Well into the text, there occurs this
paragraph:
“Mrs Eagles, a middle-aged woman of something
more than average girth, always took her time in ascending to that fifth storey
where she and her husband shared a tenement with the Hewett family. This
afternoon her pause at each landing was longer than usual, for a yellow fog,
which mocked the pale glimmer of gas-jets on the staircase, made her gasp
asthmatically.” (Chapter 27)
And
there you get in one paragraph the grim, gloomy social realism of Gissing – the
crowded tenement, the polluted sky, the disease-inducing living conditions and
the whole hopeless catastrophe of London’s late-Victorian urban poor.
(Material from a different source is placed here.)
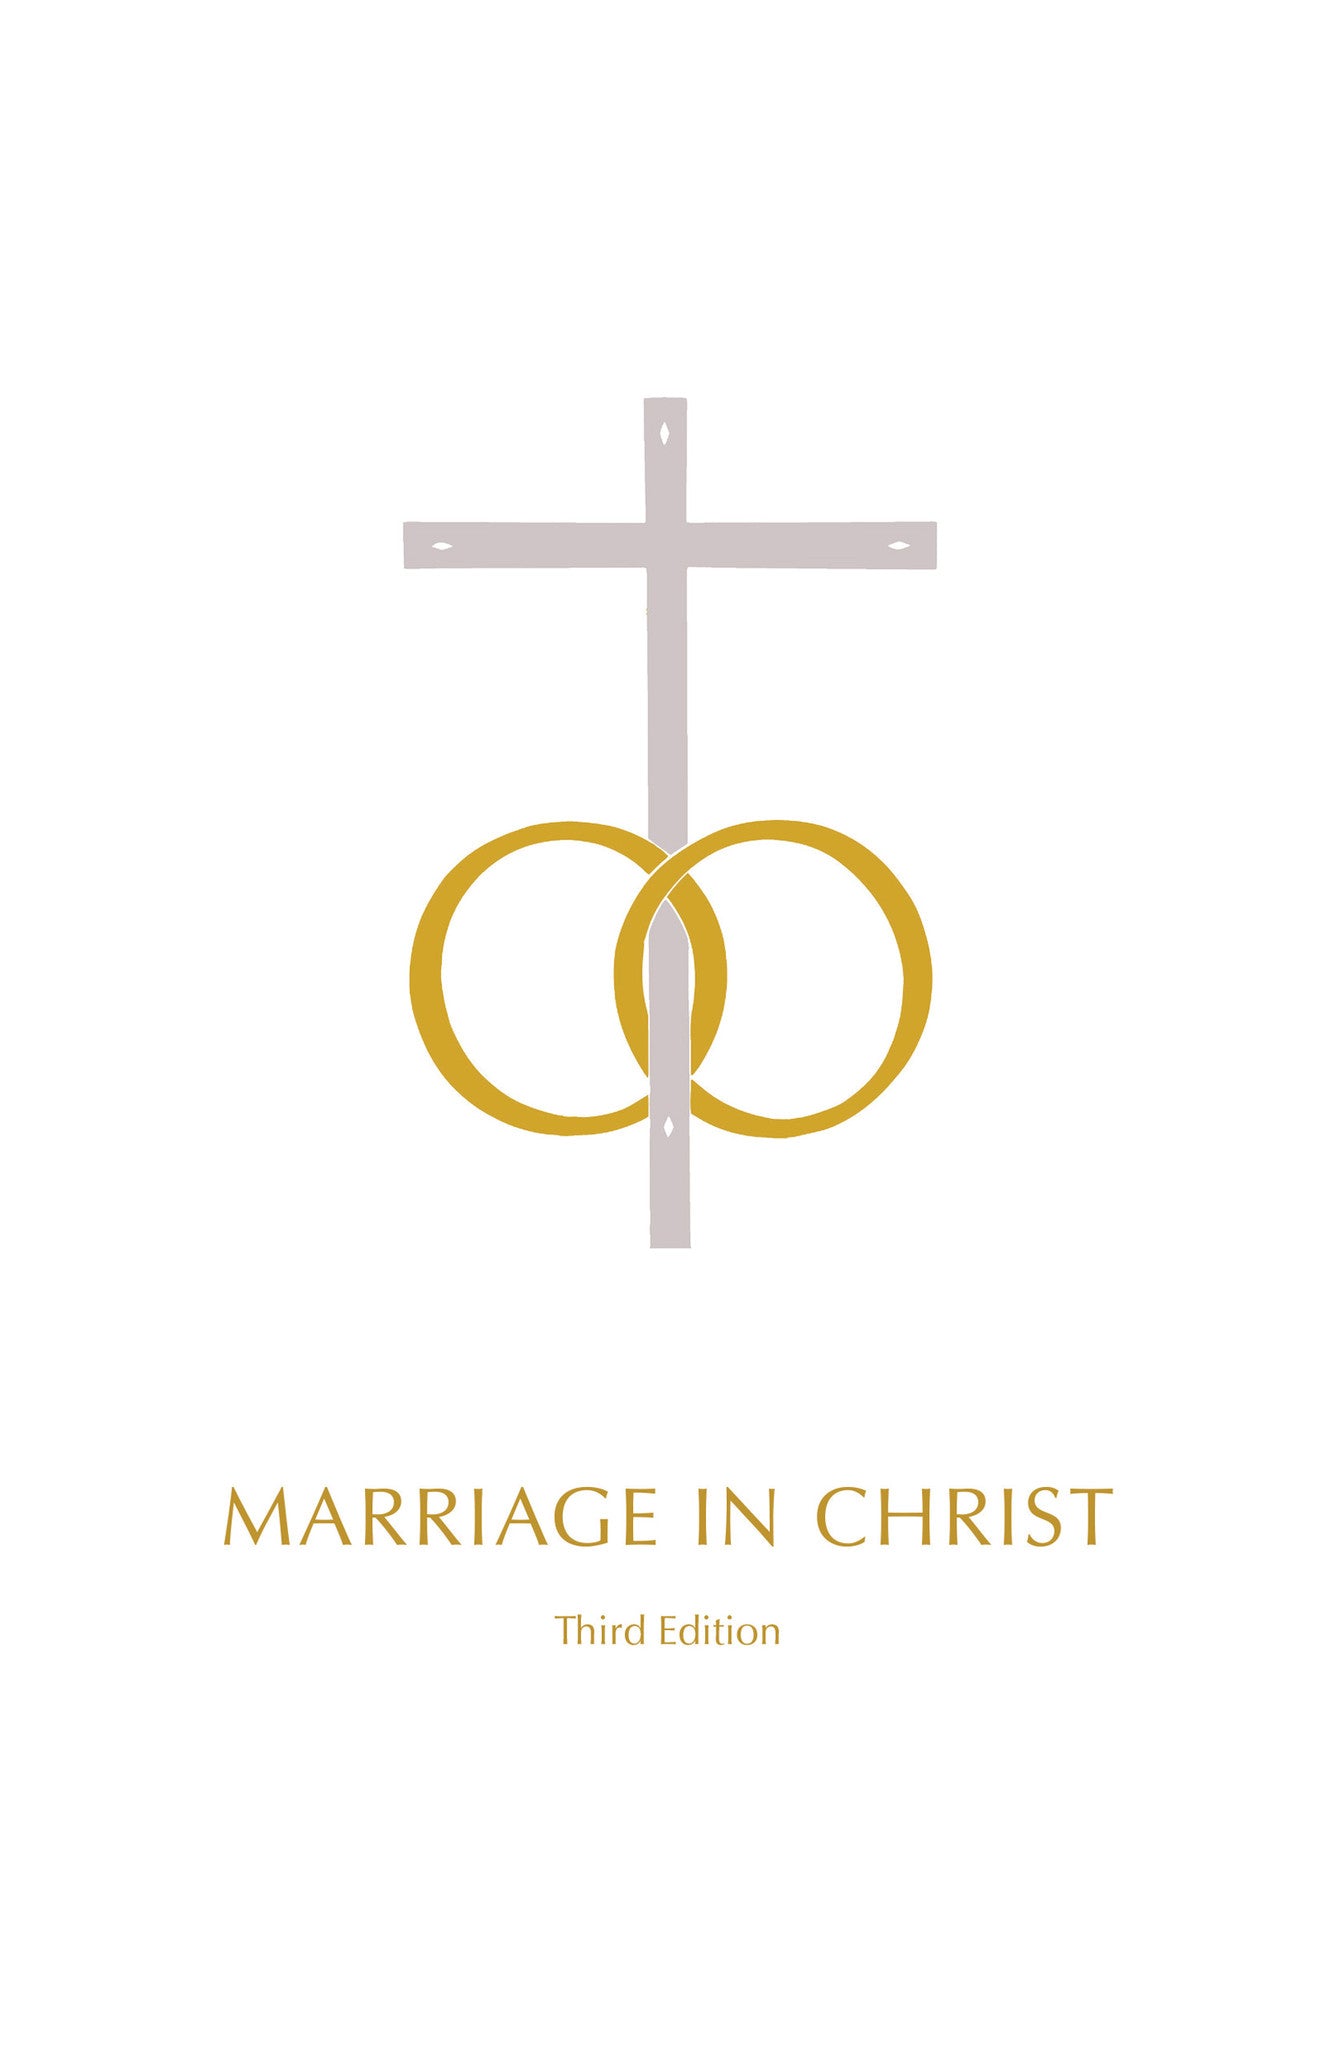 Matrimonio en Cristo

There are
many, many other moments in the novel where physical pain and discomfort, related
to poverty and toil, are delineated. When a cab-driver staggers up the stairs,
we are told: “A daily sixteen hours of
sitting on the box left his legs in a numb and practically useless condition.”
(Chapter 4) But Mrs Eagles’ painful ascent is the one that sticks in my mind.
As
I’ve noted before on this blog in various posts about George Gissing
(1857-1903), I join the “common reader” in seeing New Grub Street, his tale of hack-writing, as Gissing’s
masterpiece. I see Born in Exile as
his most autobiographical (and perhaps self-pitying) novel, and the loose
essay-like reflections of The PrivatePapers of Henry Ryecroft as his most escapist book. Will Warburton is not one of his best, yet it is an interesting
tale of class-conscious humiliation. But perhaps The Nether World, which critics now place next to New Grub Street as one of his best, is
the most typical Gissing novel. Here we are confronted with dire,
scrabbling poverty – and no solutions are offered.
It is very hard
to offer a continuous synopsis of what happens in this novel, because it really
has two separate, and only occasionally interlocking, strands of plot, and
there is the continuous, clumsy introduction to new characters until at least a
third of the way into the novel. There is also evidence of the way Gissing was
tied to three-volume publication when three years go by exactly a third of the
way through the novel, and there are hasty and melodramatic exits for some
characters.
It is set in the
London slum area of Clerkenwell. Little Jane Snowdon acts as “slavey” to the
Peckover family, and is particularly ill-treated by the fierce “Clem”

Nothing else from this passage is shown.